Since the 9/11 trauma, America has allowed the national security state to ride roughshod over vital liberties. This is a turning-point


guardian.co.uk, Friday 26 July 2013

The closing arguments in the trial of Bradley Manning, where prosecutors are trying to persuade the judge that leaking to the press constitutes the treasonous act of aiding the enemy, came fast on the heels of the most significant bipartisan response to leak-based national security journalism that we have seen since the 1970s: Wednesday’s vote on the Amash amendment in the House. At no time since the Obama administration launched its war on national security journalism and its sources has the critical role of leaks and journalism been clearer. Without Edward Snowden‘s whistleblowing and Glenn Greenwald‘s reporting, NSA surveillance would still have been in the dark, protected by secrecy and bolstered by the “least untruthful” lies James Clapper delivered to Senator Ron Wyden.
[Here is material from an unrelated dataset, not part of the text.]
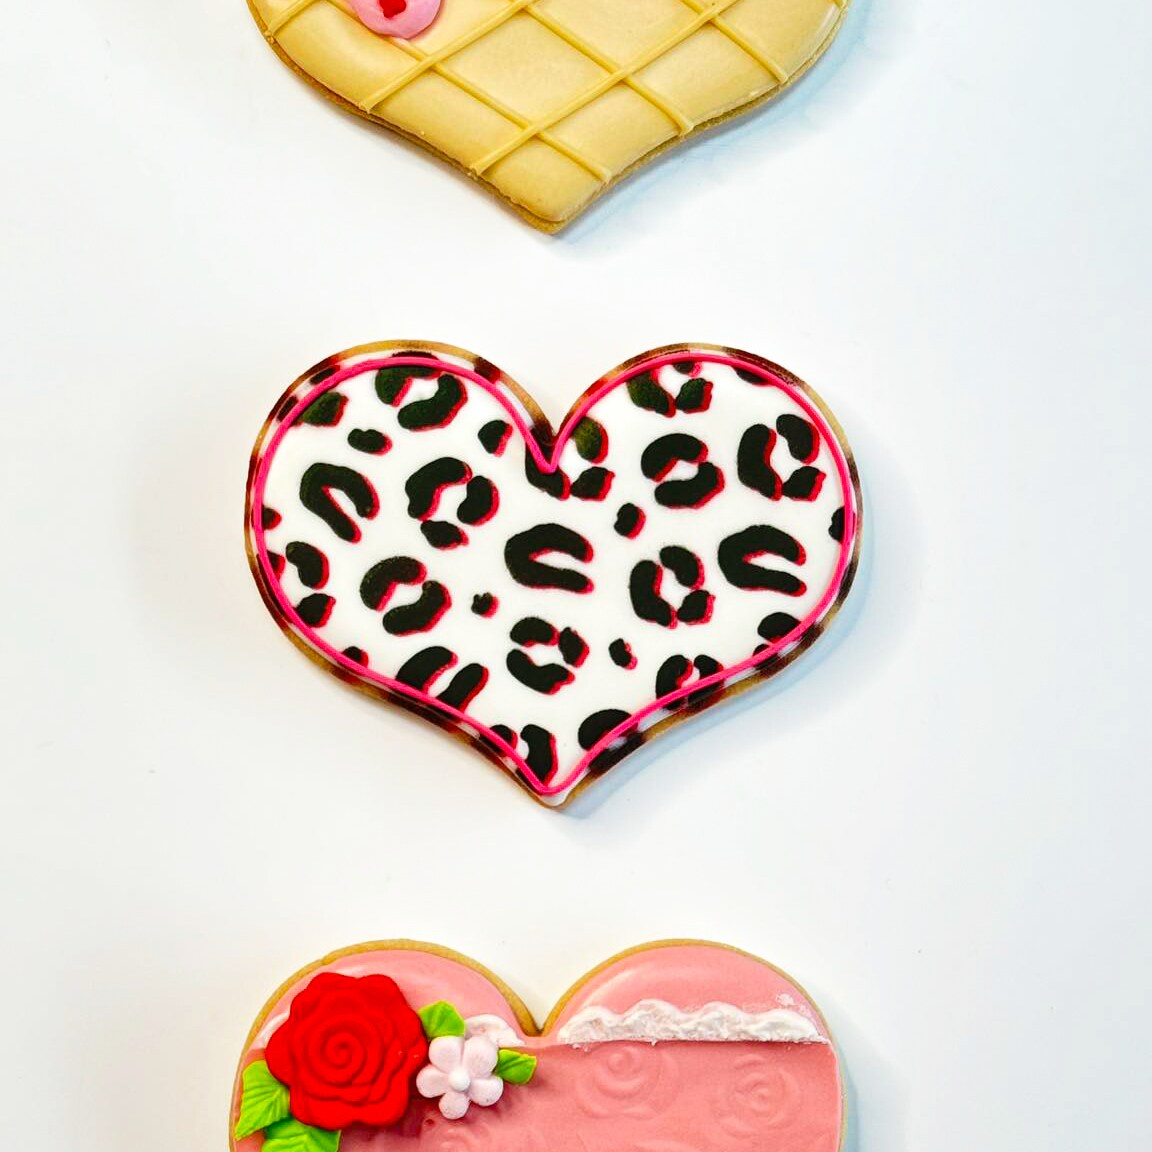 Heartfelt Delights: A Cookie Decorating Trio

Wednesday’s vote in the House may well yet turn out to be a turning-point on much more than just NSA surveillance – because dragnet surveillance of phone metadata is only one manifestation of our post-9/11 constitutional PTSD.
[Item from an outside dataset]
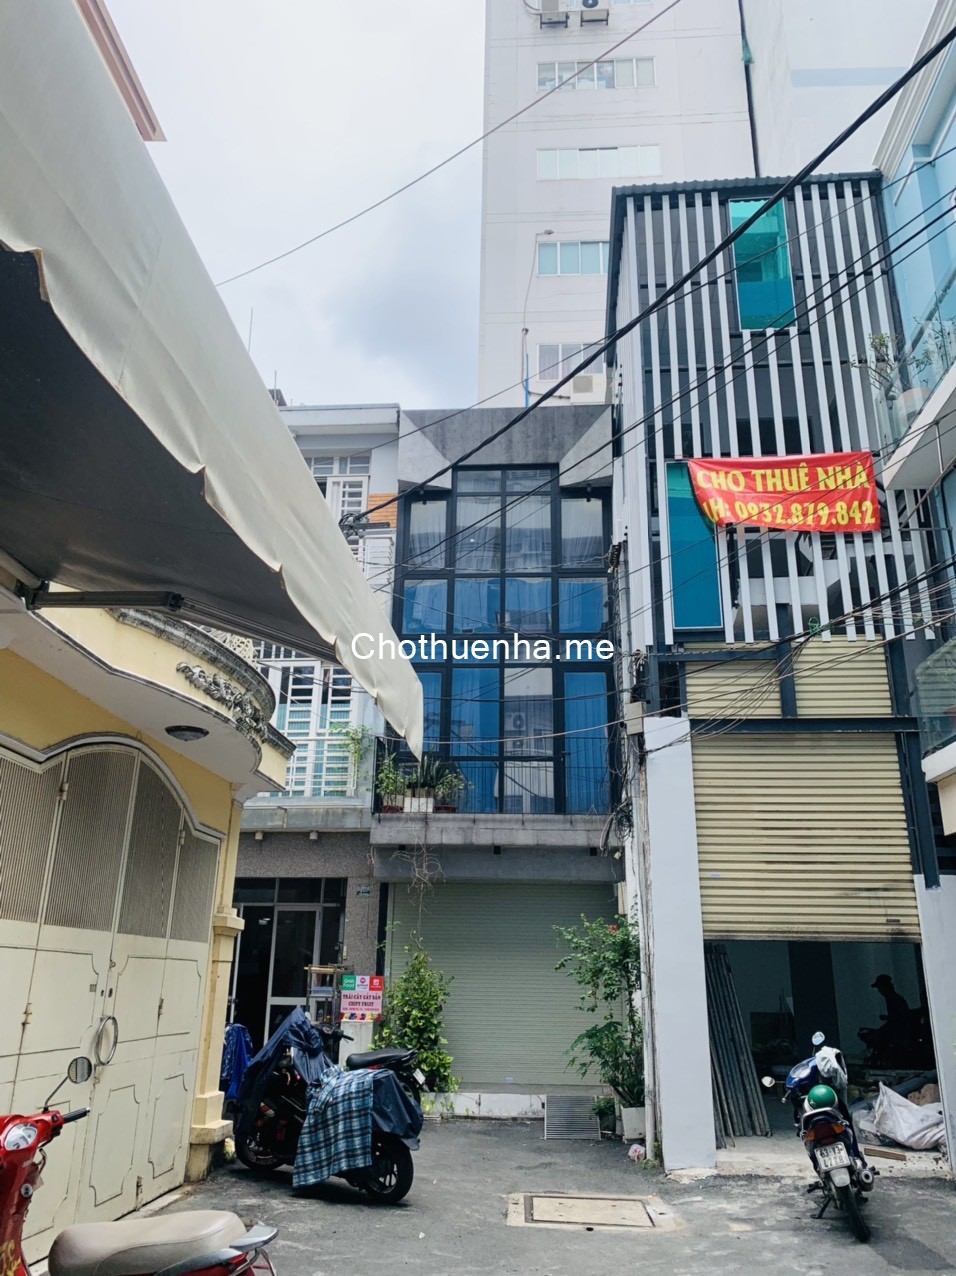 Nhà cho thuê 99 / 103b Võ Văn Tần, p. VTS quận 3 9 x 11 trệt 2 lầu 250 m2 sử dụng

On Wednesday, Republicans such as Mike Rogers and Michele Bachmann joined House Democratic minority leader Nancy Pelosi and Republican Speaker John Boehner in voting with President Obama that we should be governed by our fears, rather than our values. But Jim Sensenbrenner, who introduced the original Patriot Act in 2001, joined 93 other Republicans and a majority of House Democrats, including Democratic leaders Clyburn and Becerra, to support Representative Amash’s proposed amendment to block NSA dragnet surveillance. And although this coalition lost the vote, its breadth and depth may mark the beginning of America’s awakening from a long panic- and anger-induced constitutional hiatus.

We suffered a terrible blow on 11 September 2001. We responded with fear and anger. A fight-or-flight response is adaptive in any species. For us, given our power, fight was the only response we could imagine. But however understandable and justified the initial response, anger and panic can neither continue to define who we are, nor lead us to continue to sacrifice a broad set of constitutional rights.

Every year, we lose three times as many people to firearms-related homicides than we lost to terrorism on 11 September and in the dozen years since. But whether it be based on the second, fourth, fifth, sixth or eighth amendments, we have always seen resistance to compromising the bill of rights in our efforts to prevent or deter these homicides.